The Mount Airy News
- The July 19, 2009 front page of The Mount Airy News
- Type: Daily newspaper
- Format: Broadsheet
- Owner: Adams MultiMedia
- Publisher: Sandra Hurley
- Editor: John Peters
- Founded: 1880
- Language: American English
- Headquarters: 319 N. Renfro Street Mount Airy, North Carolina 27030
- City: Mount Airy
- Country: United States
- Circulation: 3,203 (as of 2021)
- OCLC number: 24943682
- Website: mtairynews.com

= The Mount Airy News =

Newspaper based in Mount Airy, North Carolina, U.S.

The Mount Airy News is a three-day-a-week newspaper published in Mount Airy, North Carolina, United States. It was established in 1880. The News is one of two newspapers serving Surry County, along with The Tribune in Elkin.

==History==
The Mount Airy News and The Tribune have the same corporate parent. In June 2007, both The Mount Airy News and The Tribune were part of a sale from Mid-South Management Co., Inc. to Heartland Publications, LLC of Connecticut.

Mount Airy had two newspapers until around 1980, when the weekly Mount Airy Times was bought by the News. In 2007, the city again had two papers with The Messenger and The Mount Airy News. However, after attempting several different publication schedules, The Messenger closed less than three years later, shutting its doors in 2010.

The Mount Airy News was published seven days a week. On April 9, 2012, The News ceased publication of its Monday edition. The paper now publishes Sunday, Wednesday and Friday.
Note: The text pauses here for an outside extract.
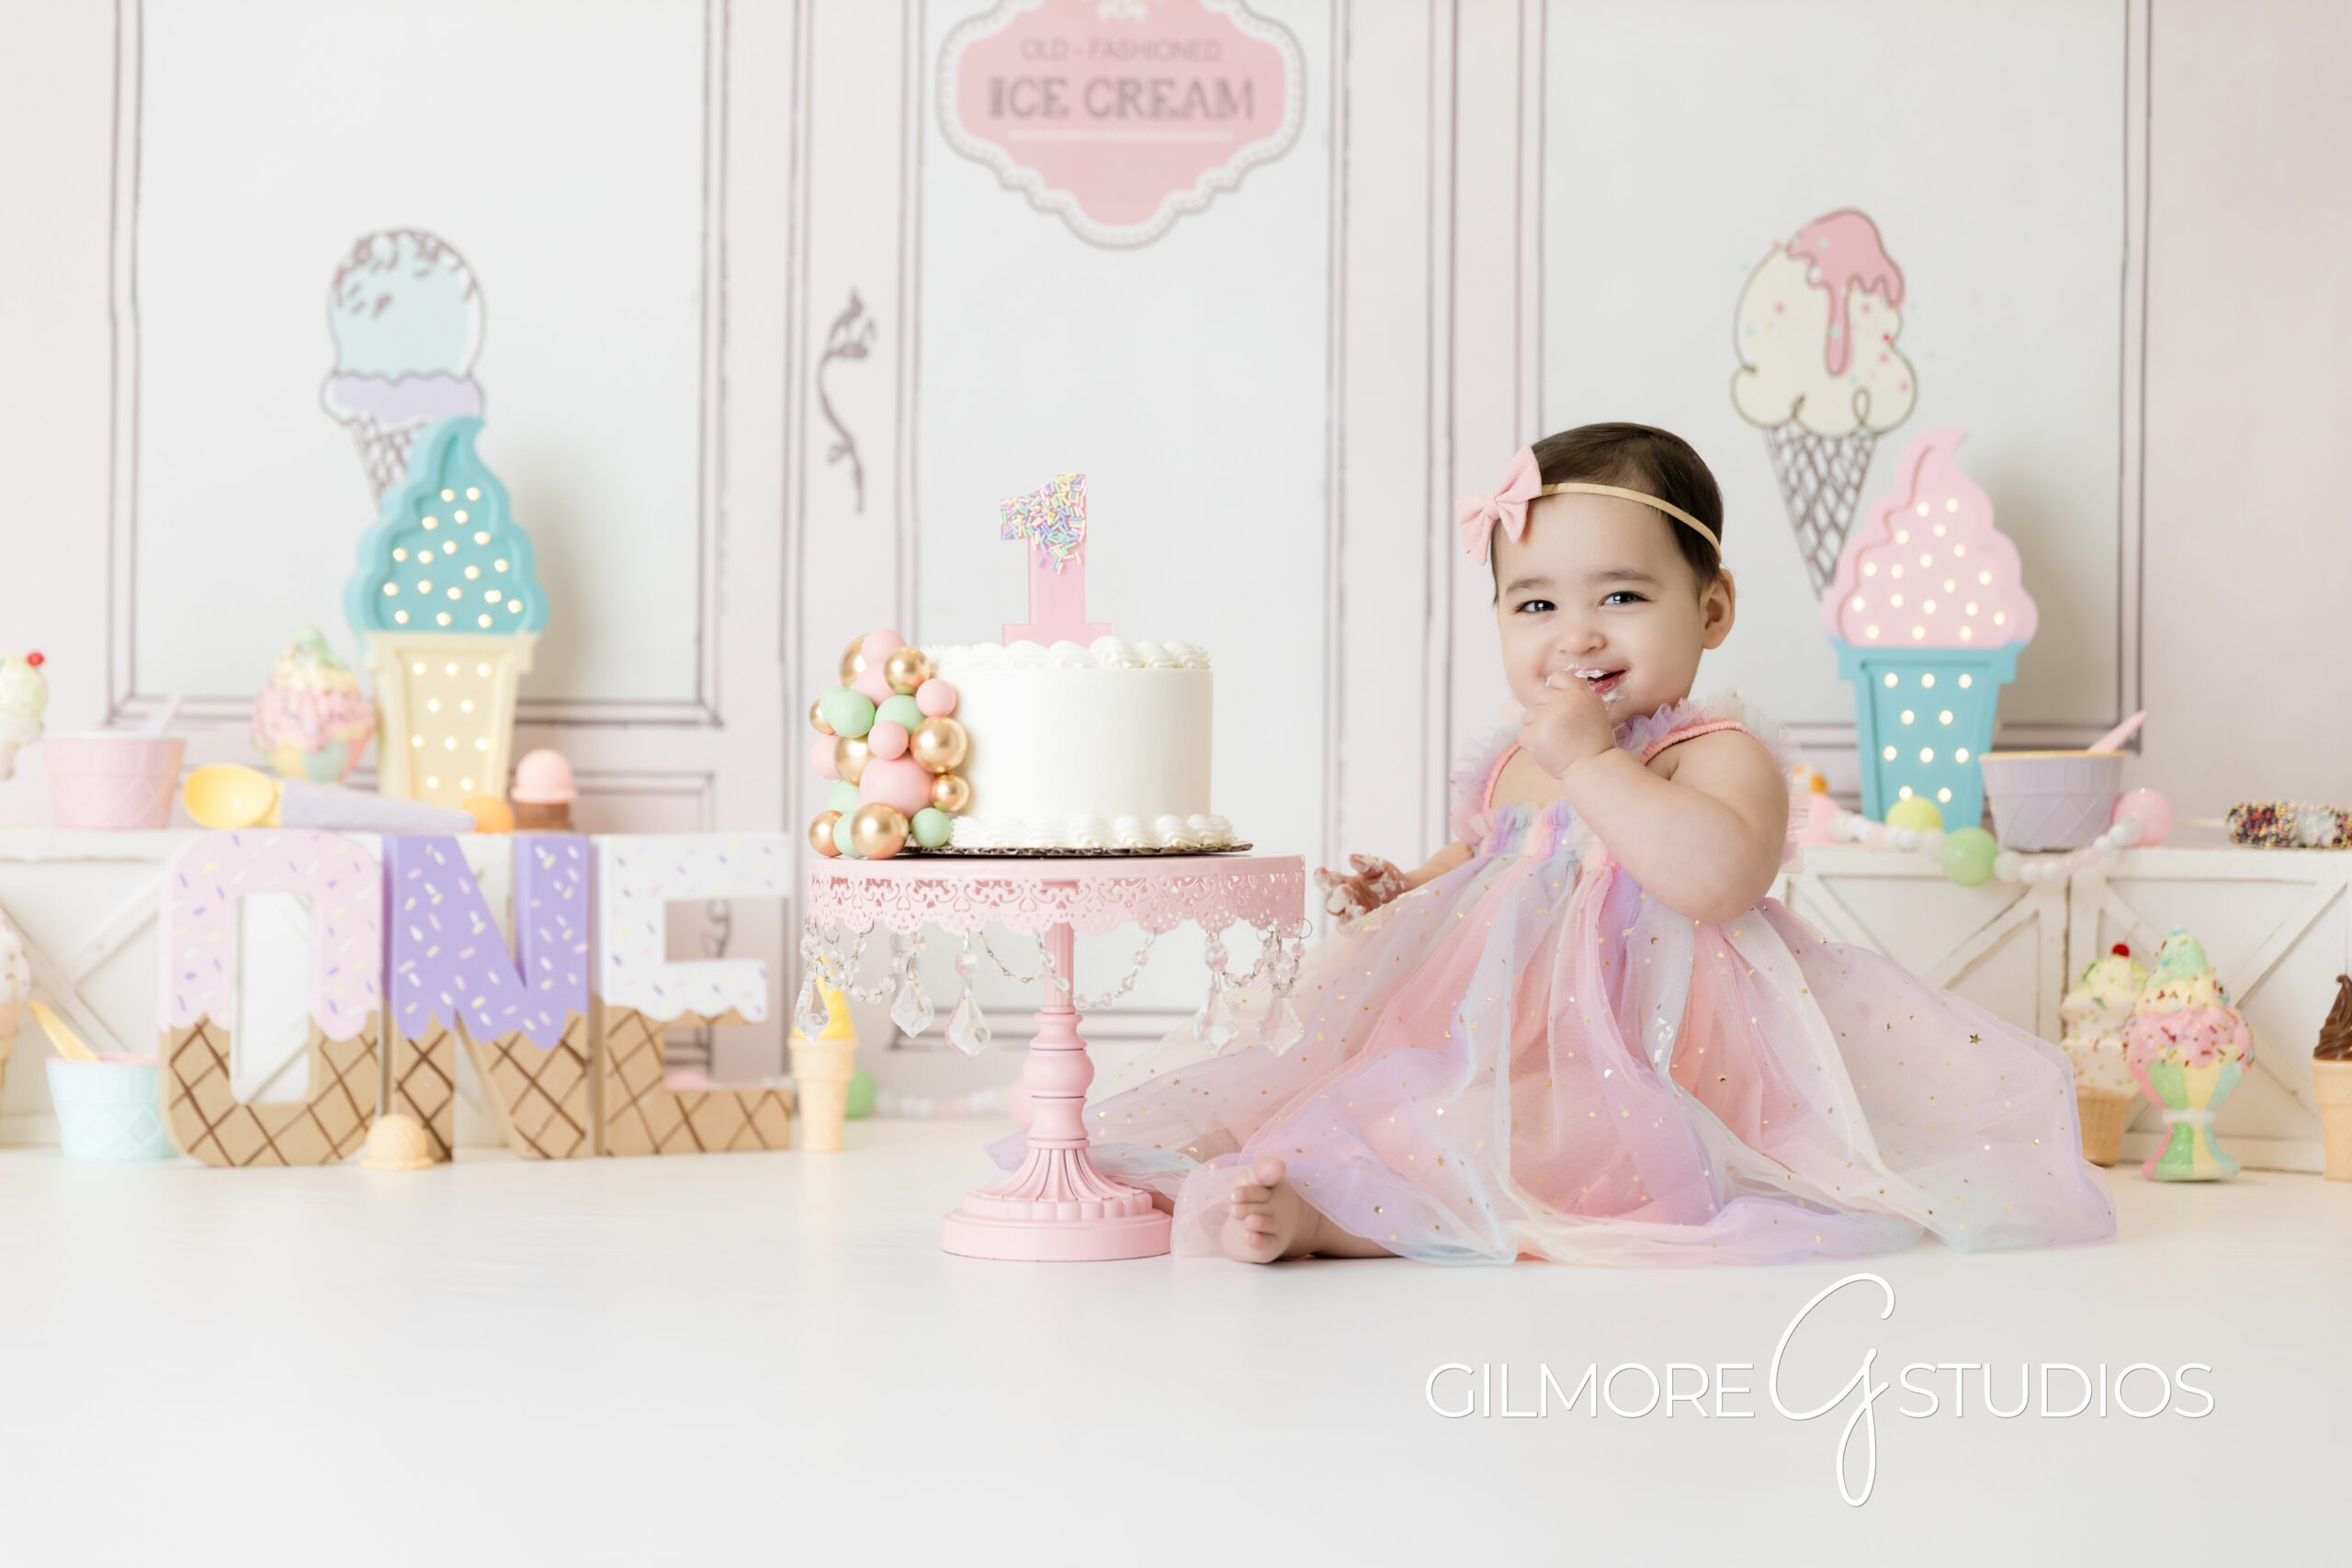 ice cream theme cake Smash, white cake, little girl, birthday, pink dress, pink bow, ice cream parlor, photography, Gilmore Studios

In 2012 Versa Capital Management merged Heartland Publications, Ohio Community Media, the former Freedom papers it had acquired, and Impressions Media into a new company, Civitas Media. Civitas Media sold its properties in the Carolinas to Champion Media in 2017. Later in 2017, Champion Media sold its Mount Airy area newspapers to Adams Publishing Group.